The Blank Slate
Page 30
For that matter, many writers think, why stop there? Better still to insist that all categories are social constructions and therefore figments, because that would really make invidious stereotypes figments. Rorty notes with approval that many thinkers today “go on to suggest that quarks and genes probably are [inventions] too.” Postmodernists and other relativists attack truth and objectivity not so much because they are interested in philosophical problems of ontology and epistemology but because they feel it is the best way to pull the rug out from under racists, sexists, and homophobes. The philosopher Ian Hacking provides a list of almost forty categories that have recently been claimed to be “socially constructed.” The prime examples are race, gender, masculinity, nature, facts, reality, and the past. But the list has been growing and now includes authorship, AIDS, brotherhood, choice, danger, dementia, illness, Indian forests, inequality, the Landsat satellite system, the medicalized immigrant, the nation-state, quarks, school success, serial homicide, technological systems, white-collar crime, women refugees, and Zulu nationalism. According to Hacking, the common thread is a conviction that the category is not determined by the nature of things and therefore is not inevitable. The further implication is that we would be much better off if it were done away with or radically transformed.9
This whole enterprise is based on an unstated theory of human concept formation: that conceptual categories bear no systematic relation to things in the world but are socially constructed (and can therefore be reconstructed). Is it a correct theory? In some cases it has a grain of truth. As we saw in Chapter 4, some categories really are social constructions: they exist only because people tacitly agree to act as if they exist. Examples include money, tenure, citizenship, decorations for bravery, and the presidency of the United States.10 But that does not mean that all conceptual categories are socially constructed. Concept formation has been studied for decades by cognitive psychologists, and they conclude that most concepts pick out categories of objects in the world which had some kind of reality before we ever stopped to think about them.11
Yes, every snowflake is unique, and no category will do complete justice to every one of its members. But intelligence depends on lumping together things that share properties, so that we are not flabbergasted by every new thing we encounter. As William James wrote, “A polyp would be a conceptual thinker if a feeling of ‘Hollo! thingumbob again!’ ever flitted through its mind.” We perceive some traits of a new object, place it in a mental category, and infer that it is likely to have the other traits typical of that category, ones we cannot perceive. If it walks like a duck and quacks like a duck, it probably is a duck. If it’s a duck, it’s likely to swim, fly, have a back off which water rolls, and contain meat that’s tasty when wrapped in a pancake with scallions and hoisin sauce.
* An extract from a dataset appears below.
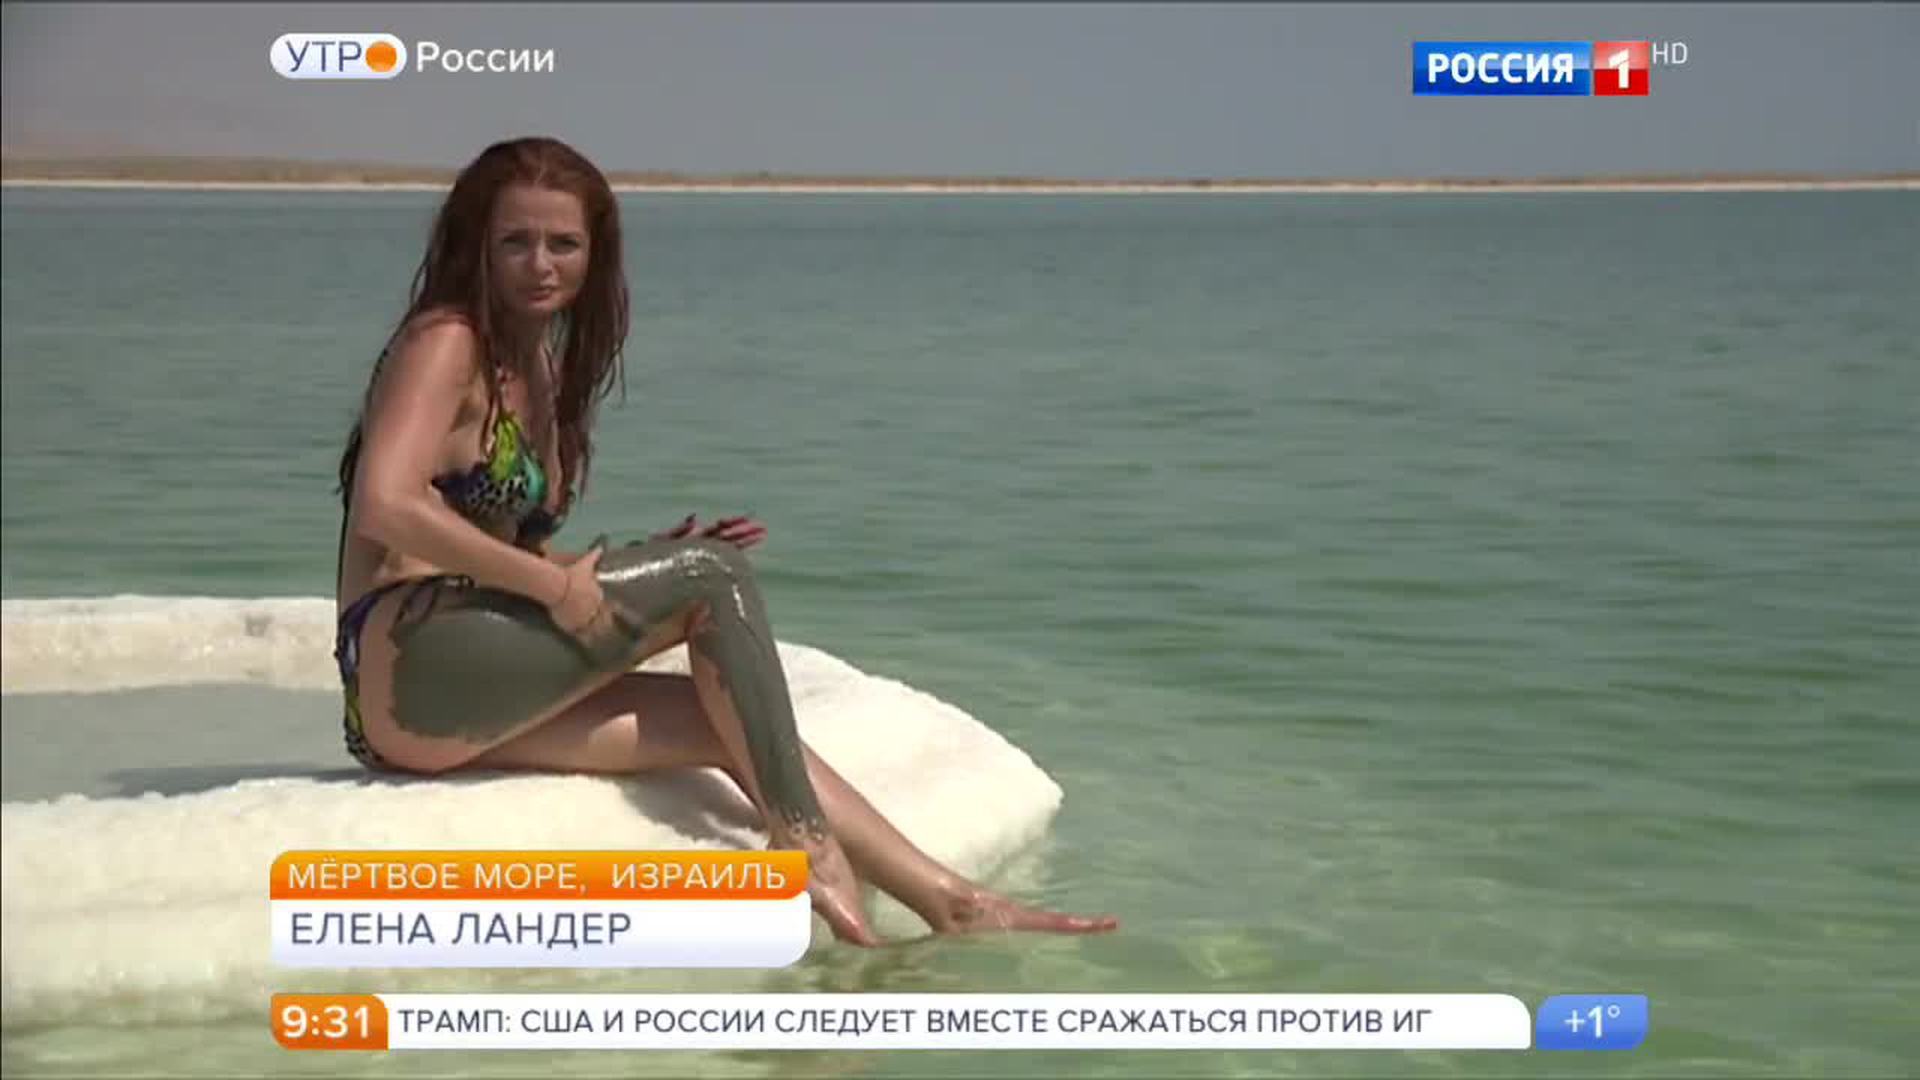 Елена николаева утро россии в купальнике

This kind of inference works because the world really does contain ducks, which really do share properties. If we lived in a world in which walking quacking objects were no more likely to contain meat than did any other object, the category “duck” would be useless and we probably would not have evolved the ability to form it. If you were to construct a giant spreadsheet in which the rows and columns were traits that people notice and the cells were filled in by objects that possess that combination of traits, the pattern of filled cells would be lumpy. You would find lots of entries at the intersection of the “quacks” row and the “waddles” column but none at the “quacks” row and the “gallops” column. Once you specify the rows and columns, the lumpiness comes from the world, not from society or language. It is no coincidence that the same living things tend to be classified together by the words in European cultures, the words for plant and animal kinds in other cultures (including preliterate cultures), and the Linnaean taxa of professional biologists equipped with calipers, dissecting tools, and DNA sequencers. Ducks, biologists say, are several dozen species in the subfamily Anatinae, each with a distinct anatomy, an ability to interbreed with other members of their species, and a common ancestor in evolutionary history.
Most cognitive psychologists believe that conceptual categories come from two mental processes.12 One of them notices clumps of entries in the mental spreadsheet and treats them as categories with fuzzy boundaries, prototypical members, and overlapping similarities, like the members of a family. That’s why our mental category “duck” can embrace odd ducks that don’t match the prototypical duck, such as lame ducks, who cannot swim or fly, Muscovy ducks, which have claws and spurs on their feet, and Donald Duck, who talks and wears clothing. The other mental process looks for crisp rules and definitions and enters them into chains of reasoning. The second system can learn that true ducks molt twice a season and have overlapping scales on their legs and hence that certain birds that look like geese and are called geese really are ducks. Even when people don’t know these facts from academic biology, they have a strong intuition that species are defined by an internal essence or hidden trait that lawfully gives rise to its visible features.13
Anyone who teaches the psychology of categorization has been hit with this question from a puzzled student: “You’re telling us that putting things into categories is rational and makes us smart. But we’ve always been taught that putting people into categories is irrational and makes us sexist and racist. If categorization is so great when we think about ducks and chairs, why is it so terrible when we think about genders and ethnic groups?” As with many ingenuous questions from students, this one uncovers a shortcoming in the literature, not a flaw in their understanding.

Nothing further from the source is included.